I do not buy this argument. We know that certain access restrictions can be circumvented eventually by renting the ultimate botnet and do a mass harvest. That doesn't render restrictions useless. One could argue that if certain access controls were implemented to achieve a certain goal and other methods open a path around these controls, those other methods (the -r flag in this case) ought to be reviewed instead.
In order to improve the usability of the data dumps and streams, we are proposing to change the "dummification" algorithm to keep the actual personal objects and all references to them and only obfuscate the fields with personal data (for example real names, phone numbers and addresses). The new algorithm will also try to preserve data that is useful for researchers, while not revealing any data that might expose the identity of the date subject. For example, we are proposing to keep the first half of phone number digits or to keep the domain part of email addresses.

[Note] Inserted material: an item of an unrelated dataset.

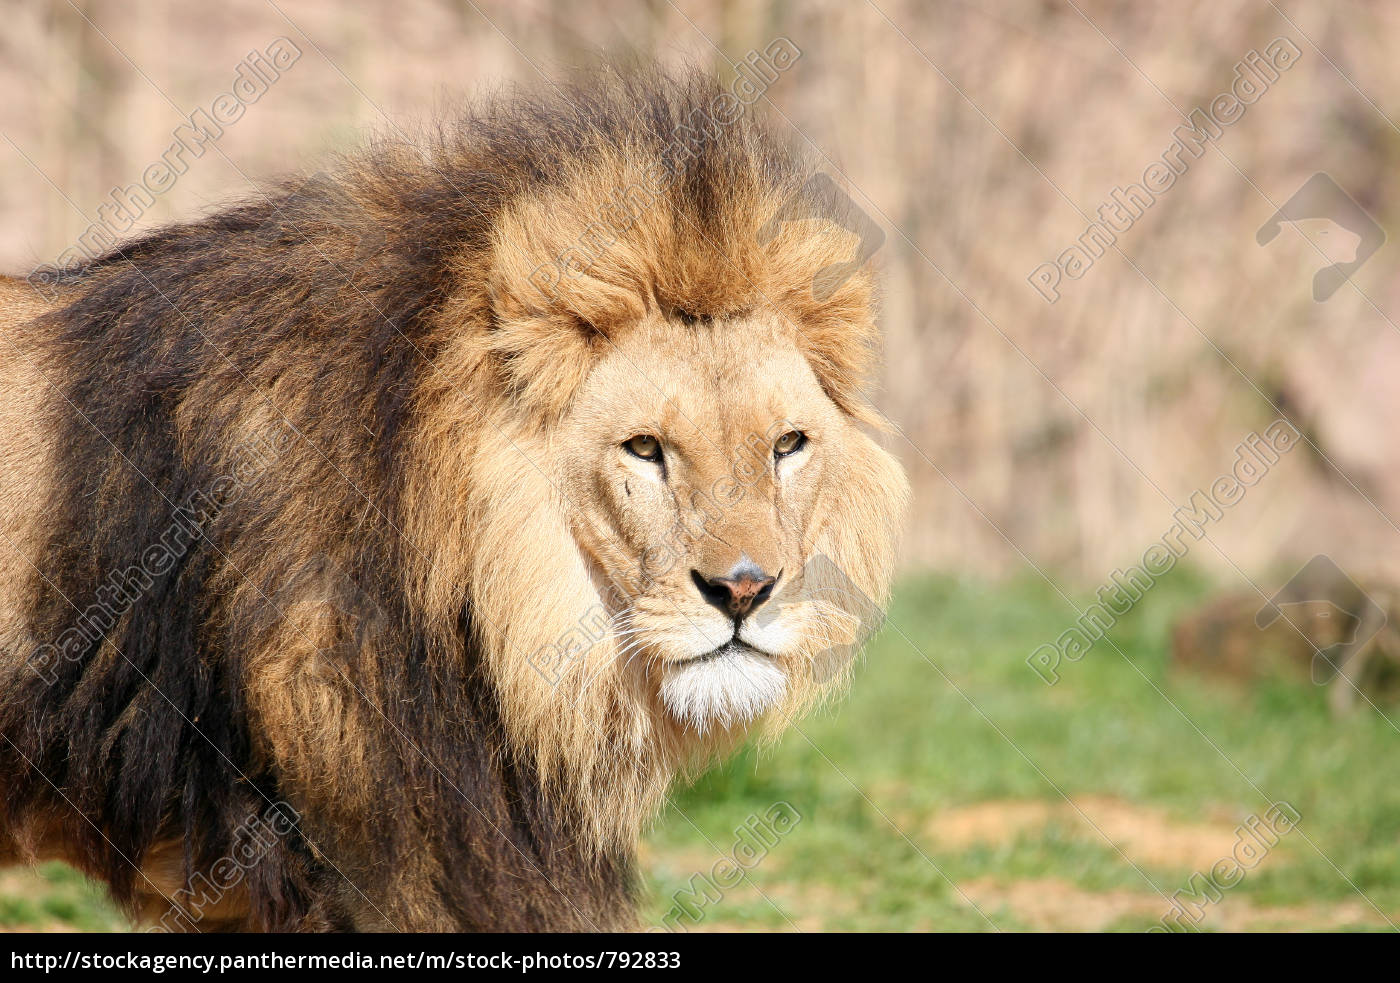 lion, portrait - 792833

I am missing a list of data protection goals that were desired to be met by the original implementation and a serious assessment why they would still be met by the proposed changed method. I doubt that obfuscating the local part of an email address is an adequate measure of anonymization or pseudonymization. Similar concerns hold for phone numbers. On a meta level mangled data is a threat to real data more than replaced data is. FWIW, i don't see the special case for 'abuse-mailbox'.
With optimizing the 'dummification algorithm' around fuzzy criteria it occurs to me we're putting the cart before the horse.
-Peter